With his resignation on Monday after a cataclysmic election result, Rivera appeared to exit politics much as he appeared in that buzzy ad: stripped down and with little to show supporters after his 13-year effort to build a new liberal-centrist movement except a strategically-placed hand to preserve his modesty. In Sunday's election, his party lost 47 of its 57 seats, shedding more than 2.5 million votes nationwide in the process.

But it is Brussels and the EU that could be left most exposed by the Spanish election results.

Prime Minister Pedro Sánchez and his center-left Spanish Socialist Workers Party (PSOE) still fell far short of a workable majority, leaving Spain — the fourth-largest of the EU27 countries — in continued political gridlock, and Sánchez himself in no position to claim much more of a role on the broader EU stage anytime soon.

Meanwhile the extremist, right-wing Vox party posted giant gains. It is now the country's third-largest political faction with 52 seats in the Congress of Deputies, showing the resilience of the Continent's nationalist, xenophobic political thread that continues to change and spread in unpredictable directions.

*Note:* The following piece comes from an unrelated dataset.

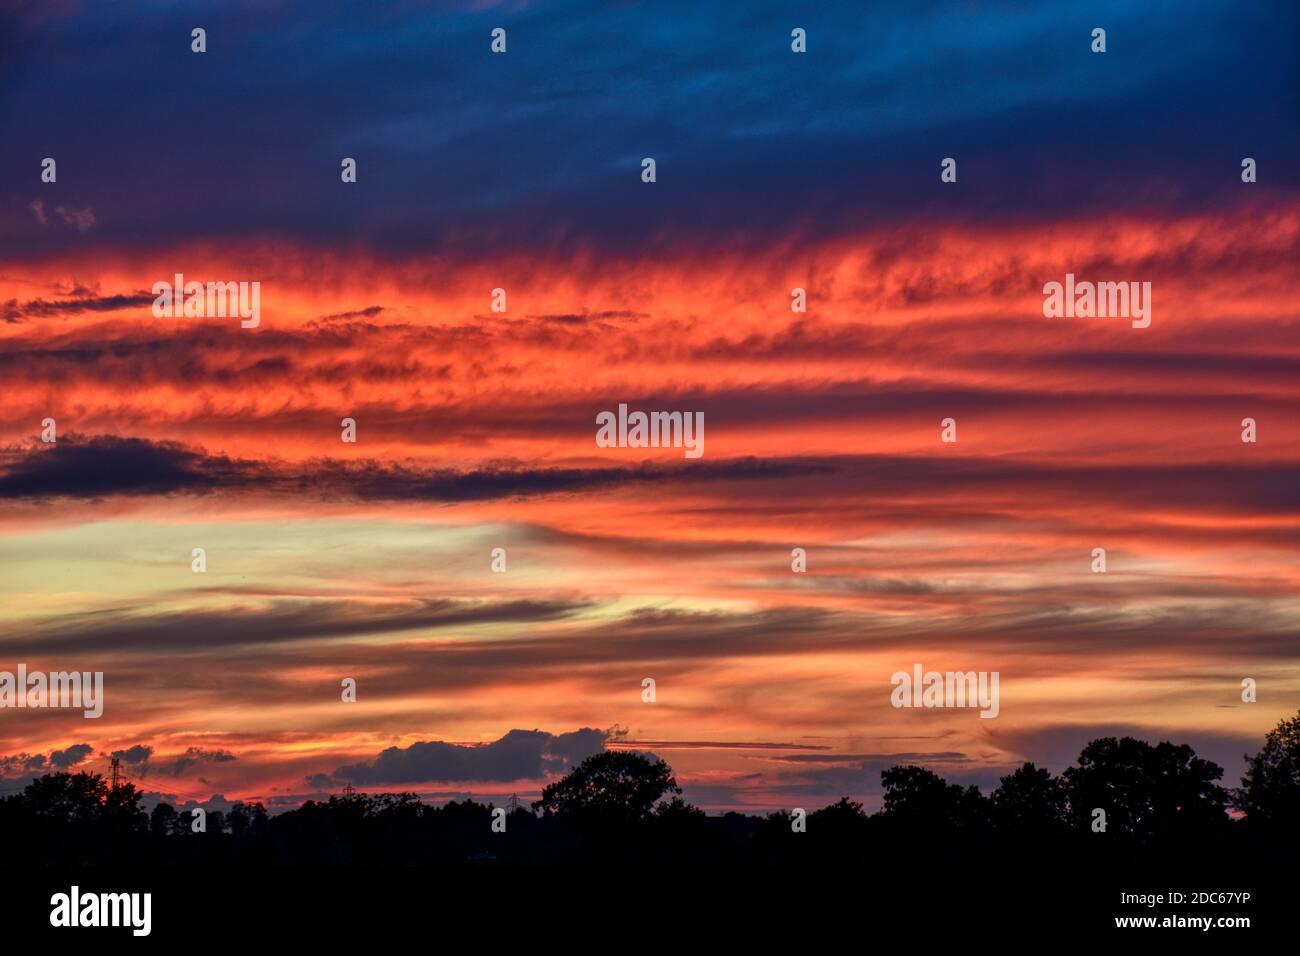 Wolkendecke, Sonnenuntergang, Sonnenaufgang, Abendrot, Morgenrot, Dämmerung, Abenddämmerung, Morgendämmerung, Himmel, Wolken, leuchten, Strahlen, Blau Stock Photo

In Spain, the election exposed the dual miscalculations of Sánchez, who called the country's fourth national poll in four years hoping to break the deadlock that had prevented him from forming a government, and of Rivera, who had refused entreaties to enter into a partnership with the PSOE. But it also offers a cautionary tale for a new slate of EU leaders who are about to take office in an era of anti-establishment zeal among voters from España to Estonia.